---------- INPUT DATA ----------

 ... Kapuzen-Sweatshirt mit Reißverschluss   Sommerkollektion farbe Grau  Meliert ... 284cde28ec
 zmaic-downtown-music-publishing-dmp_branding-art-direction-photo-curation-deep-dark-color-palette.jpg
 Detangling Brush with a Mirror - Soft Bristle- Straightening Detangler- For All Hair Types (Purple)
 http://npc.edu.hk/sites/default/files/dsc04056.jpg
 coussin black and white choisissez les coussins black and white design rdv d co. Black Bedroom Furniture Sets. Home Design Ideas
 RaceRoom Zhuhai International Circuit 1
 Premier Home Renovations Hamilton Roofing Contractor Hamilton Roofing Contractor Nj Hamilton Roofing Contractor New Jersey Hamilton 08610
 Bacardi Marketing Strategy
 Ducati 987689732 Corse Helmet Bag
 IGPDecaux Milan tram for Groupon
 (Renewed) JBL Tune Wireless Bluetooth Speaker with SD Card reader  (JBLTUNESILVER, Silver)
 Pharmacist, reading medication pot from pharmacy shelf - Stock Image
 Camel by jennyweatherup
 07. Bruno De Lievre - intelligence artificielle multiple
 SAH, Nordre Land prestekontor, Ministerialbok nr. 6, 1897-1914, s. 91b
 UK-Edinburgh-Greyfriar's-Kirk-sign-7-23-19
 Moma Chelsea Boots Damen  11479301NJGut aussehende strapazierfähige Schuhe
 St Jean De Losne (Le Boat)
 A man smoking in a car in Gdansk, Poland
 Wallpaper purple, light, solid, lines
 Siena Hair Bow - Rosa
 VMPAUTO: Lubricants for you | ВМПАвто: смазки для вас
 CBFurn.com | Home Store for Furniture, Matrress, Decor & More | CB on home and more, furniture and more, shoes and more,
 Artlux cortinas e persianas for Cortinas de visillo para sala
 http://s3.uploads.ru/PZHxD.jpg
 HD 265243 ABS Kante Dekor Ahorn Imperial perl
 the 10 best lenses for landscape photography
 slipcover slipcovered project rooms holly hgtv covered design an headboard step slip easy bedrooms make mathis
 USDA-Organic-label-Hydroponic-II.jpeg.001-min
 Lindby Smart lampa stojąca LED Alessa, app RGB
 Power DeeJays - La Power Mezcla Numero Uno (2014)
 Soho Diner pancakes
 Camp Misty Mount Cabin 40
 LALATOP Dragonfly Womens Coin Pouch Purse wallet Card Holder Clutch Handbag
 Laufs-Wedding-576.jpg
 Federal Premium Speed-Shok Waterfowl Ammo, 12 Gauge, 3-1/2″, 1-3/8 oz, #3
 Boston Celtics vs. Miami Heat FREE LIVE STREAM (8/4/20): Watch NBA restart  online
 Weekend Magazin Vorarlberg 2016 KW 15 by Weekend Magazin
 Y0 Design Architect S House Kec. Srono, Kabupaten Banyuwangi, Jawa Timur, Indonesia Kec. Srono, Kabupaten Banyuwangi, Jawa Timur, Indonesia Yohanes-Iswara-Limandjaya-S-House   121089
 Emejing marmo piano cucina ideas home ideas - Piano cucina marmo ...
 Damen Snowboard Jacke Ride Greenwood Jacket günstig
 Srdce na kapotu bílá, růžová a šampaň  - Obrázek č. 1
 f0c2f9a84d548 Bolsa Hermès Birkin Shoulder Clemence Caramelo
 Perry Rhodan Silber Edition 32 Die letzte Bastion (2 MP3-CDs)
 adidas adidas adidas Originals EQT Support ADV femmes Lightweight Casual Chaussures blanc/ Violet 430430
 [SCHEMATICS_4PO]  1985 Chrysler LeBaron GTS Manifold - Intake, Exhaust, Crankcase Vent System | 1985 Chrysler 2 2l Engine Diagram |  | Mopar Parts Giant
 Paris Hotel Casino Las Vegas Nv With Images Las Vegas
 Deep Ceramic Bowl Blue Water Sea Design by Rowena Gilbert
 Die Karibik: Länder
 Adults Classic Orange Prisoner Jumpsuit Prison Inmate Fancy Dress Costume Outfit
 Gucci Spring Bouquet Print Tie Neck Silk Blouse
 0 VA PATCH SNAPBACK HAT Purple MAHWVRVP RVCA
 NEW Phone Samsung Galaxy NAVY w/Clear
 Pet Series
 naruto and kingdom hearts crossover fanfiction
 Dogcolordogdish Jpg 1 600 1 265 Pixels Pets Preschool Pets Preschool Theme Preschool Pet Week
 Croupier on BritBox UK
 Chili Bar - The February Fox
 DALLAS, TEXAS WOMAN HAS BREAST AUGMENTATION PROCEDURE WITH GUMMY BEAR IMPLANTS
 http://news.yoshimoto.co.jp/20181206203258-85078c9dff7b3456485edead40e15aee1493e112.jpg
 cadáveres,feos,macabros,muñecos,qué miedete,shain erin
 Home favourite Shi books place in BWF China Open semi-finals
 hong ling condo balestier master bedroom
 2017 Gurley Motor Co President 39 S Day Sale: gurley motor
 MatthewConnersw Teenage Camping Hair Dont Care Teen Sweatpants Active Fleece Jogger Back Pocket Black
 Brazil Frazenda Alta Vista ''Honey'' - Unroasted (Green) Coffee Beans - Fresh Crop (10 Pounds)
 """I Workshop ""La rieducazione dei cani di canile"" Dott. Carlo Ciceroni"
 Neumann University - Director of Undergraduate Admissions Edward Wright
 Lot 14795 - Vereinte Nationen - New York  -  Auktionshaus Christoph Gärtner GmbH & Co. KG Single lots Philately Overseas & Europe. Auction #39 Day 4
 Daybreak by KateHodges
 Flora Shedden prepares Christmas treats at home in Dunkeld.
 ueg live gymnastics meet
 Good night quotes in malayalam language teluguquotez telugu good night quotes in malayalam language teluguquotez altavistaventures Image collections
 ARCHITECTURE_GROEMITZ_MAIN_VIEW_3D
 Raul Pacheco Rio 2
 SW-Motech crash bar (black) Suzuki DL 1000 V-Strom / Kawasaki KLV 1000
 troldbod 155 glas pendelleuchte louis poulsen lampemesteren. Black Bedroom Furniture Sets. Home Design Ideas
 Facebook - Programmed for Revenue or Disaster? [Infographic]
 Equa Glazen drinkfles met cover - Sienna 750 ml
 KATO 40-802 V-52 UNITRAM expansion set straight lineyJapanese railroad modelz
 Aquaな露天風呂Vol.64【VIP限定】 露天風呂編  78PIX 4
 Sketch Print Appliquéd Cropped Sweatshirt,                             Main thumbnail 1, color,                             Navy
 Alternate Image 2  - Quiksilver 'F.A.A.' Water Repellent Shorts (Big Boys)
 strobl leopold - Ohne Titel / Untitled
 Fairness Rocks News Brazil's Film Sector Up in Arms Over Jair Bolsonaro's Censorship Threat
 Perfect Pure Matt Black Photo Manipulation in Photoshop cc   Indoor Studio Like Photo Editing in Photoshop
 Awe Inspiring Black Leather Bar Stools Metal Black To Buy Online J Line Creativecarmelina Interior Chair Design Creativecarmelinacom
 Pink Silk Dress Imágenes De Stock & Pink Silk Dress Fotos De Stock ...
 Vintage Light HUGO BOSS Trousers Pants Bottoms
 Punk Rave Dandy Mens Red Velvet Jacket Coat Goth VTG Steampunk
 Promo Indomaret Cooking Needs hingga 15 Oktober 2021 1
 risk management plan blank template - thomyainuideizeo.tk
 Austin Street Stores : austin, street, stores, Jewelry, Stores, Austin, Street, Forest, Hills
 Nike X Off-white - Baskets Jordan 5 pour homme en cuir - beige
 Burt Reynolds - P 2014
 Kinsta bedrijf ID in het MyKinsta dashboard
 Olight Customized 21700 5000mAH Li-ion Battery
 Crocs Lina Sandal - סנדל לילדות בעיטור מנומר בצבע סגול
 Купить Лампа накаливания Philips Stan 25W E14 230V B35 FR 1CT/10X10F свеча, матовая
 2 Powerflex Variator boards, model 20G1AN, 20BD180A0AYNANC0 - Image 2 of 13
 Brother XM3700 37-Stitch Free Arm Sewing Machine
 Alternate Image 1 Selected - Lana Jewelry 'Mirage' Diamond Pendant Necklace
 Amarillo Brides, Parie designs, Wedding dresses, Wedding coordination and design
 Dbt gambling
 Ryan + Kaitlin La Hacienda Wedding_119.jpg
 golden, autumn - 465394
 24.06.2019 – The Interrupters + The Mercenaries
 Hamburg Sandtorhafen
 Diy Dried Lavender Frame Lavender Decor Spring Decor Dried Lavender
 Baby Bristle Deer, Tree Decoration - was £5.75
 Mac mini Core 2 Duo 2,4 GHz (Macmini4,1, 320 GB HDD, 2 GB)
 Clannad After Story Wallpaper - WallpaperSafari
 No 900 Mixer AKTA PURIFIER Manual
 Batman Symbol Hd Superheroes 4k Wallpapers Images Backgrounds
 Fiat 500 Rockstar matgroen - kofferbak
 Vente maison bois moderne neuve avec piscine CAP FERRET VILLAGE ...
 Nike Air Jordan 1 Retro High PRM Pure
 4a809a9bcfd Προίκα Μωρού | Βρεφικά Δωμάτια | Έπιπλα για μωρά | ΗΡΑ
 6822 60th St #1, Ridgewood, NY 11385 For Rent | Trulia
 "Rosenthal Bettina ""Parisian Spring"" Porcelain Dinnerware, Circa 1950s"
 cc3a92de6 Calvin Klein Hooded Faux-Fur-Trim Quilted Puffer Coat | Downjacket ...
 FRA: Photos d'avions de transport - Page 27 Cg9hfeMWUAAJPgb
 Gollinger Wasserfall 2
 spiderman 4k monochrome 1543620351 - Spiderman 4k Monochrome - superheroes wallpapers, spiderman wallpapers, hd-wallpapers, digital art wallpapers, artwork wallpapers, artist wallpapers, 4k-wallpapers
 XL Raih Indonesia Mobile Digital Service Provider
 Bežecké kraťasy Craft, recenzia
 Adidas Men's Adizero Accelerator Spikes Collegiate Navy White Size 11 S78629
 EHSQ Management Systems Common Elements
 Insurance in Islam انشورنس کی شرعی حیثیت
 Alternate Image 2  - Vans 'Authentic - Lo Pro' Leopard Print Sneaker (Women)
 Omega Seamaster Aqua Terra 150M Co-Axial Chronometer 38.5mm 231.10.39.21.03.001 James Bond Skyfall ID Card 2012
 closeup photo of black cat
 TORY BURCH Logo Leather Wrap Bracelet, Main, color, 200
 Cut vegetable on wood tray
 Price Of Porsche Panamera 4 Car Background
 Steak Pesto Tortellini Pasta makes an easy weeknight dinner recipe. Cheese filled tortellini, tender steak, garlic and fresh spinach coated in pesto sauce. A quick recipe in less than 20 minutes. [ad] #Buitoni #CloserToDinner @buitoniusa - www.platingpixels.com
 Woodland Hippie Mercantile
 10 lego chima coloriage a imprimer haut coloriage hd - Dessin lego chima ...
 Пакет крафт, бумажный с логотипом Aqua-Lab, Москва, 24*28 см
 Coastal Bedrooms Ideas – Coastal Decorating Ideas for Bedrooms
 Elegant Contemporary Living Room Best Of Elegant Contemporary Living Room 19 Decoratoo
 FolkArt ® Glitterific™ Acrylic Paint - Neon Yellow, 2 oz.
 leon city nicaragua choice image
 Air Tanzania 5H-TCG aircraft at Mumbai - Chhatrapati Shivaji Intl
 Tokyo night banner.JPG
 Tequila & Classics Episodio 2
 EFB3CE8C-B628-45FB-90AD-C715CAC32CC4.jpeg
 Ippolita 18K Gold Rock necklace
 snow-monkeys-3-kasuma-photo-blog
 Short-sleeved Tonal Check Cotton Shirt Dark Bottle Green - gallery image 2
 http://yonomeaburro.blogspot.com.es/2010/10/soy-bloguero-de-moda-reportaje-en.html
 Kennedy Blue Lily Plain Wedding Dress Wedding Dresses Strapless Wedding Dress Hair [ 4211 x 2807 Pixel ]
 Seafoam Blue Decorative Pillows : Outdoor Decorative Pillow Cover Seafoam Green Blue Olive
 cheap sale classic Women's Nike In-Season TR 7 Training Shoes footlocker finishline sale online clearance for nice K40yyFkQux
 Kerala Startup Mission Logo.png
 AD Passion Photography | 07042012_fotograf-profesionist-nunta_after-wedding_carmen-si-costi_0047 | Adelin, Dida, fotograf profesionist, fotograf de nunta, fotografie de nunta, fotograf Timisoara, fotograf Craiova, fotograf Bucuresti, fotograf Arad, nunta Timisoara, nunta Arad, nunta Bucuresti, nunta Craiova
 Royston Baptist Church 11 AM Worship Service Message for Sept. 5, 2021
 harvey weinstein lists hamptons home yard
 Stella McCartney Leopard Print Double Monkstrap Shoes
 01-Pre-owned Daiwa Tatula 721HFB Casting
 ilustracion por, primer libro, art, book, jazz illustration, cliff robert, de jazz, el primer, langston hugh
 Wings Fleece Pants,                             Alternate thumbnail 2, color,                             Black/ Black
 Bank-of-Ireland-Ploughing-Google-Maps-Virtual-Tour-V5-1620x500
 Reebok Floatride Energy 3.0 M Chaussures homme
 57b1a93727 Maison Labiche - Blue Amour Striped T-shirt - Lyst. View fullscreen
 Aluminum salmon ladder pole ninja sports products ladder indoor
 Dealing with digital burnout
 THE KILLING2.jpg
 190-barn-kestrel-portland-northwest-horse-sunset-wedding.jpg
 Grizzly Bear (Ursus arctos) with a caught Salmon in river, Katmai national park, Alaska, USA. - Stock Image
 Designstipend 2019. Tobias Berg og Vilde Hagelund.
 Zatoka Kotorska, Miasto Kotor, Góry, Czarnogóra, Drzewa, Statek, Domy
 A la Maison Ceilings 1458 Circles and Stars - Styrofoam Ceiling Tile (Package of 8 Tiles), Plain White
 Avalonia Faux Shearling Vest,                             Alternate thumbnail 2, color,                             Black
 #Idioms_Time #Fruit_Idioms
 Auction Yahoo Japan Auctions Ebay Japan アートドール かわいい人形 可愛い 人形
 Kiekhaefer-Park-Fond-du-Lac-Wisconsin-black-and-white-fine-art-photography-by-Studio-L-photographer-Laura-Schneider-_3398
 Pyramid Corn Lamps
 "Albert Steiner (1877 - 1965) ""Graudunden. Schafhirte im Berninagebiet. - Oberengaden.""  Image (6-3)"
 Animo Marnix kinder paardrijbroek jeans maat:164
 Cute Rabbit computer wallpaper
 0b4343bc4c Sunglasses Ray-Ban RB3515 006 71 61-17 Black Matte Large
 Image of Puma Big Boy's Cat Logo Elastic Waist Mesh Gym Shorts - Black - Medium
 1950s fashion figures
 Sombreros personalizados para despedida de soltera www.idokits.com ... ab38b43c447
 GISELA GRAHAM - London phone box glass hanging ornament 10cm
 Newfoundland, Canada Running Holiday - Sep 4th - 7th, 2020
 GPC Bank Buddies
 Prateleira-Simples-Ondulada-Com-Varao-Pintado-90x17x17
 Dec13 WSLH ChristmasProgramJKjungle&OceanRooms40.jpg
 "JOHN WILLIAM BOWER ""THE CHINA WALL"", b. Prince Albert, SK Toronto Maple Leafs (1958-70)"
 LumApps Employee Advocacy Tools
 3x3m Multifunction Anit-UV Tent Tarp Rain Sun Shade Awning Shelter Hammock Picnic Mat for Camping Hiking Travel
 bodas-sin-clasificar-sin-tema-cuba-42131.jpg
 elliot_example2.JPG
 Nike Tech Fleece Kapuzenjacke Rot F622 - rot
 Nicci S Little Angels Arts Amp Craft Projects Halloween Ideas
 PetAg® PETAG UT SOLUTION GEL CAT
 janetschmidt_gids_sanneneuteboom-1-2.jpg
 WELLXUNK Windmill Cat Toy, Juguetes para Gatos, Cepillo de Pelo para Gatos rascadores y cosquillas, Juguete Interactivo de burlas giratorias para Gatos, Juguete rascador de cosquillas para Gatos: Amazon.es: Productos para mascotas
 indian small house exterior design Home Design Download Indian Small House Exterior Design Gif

----------

_TASK TO CARRY OUT_. Take the lines above from the one containing "golden, autumn - 465394" to the one containing "Porcelain Dinnerware, Circa" and retype them exactly, both ends included, with nothing added.

_EXERCISE OUTPUT_.
 golden, autumn - 465394
 24.06.2019 – The Interrupters + The Mercenaries
 Hamburg Sandtorhafen
 Diy Dried Lavender Frame Lavender Decor Spring Decor Dried Lavender
 Baby Bristle Deer, Tree Decoration - was £5.75
 Mac mini Core 2 Duo 2,4 GHz (Macmini4,1, 320 GB HDD, 2 GB)
 Clannad After Story Wallpaper - WallpaperSafari
 No 900 Mixer AKTA PURIFIER Manual
 Batman Symbol Hd Superheroes 4k Wallpapers Images Backgrounds
 Fiat 500 Rockstar matgroen - kofferbak
 Vente maison bois moderne neuve avec piscine CAP FERRET VILLAGE ...
 Nike Air Jordan 1 Retro High PRM Pure
 4a809a9bcfd Προίκα Μωρού | Βρεφικά Δωμάτια | Έπιπλα για μωρά | ΗΡΑ
 6822 60th St #1, Ridgewood, NY 11385 For Rent | Trulia
 "Rosenthal Bettina ""Parisian Spring"" Porcelain Dinnerware, Circa 1950s"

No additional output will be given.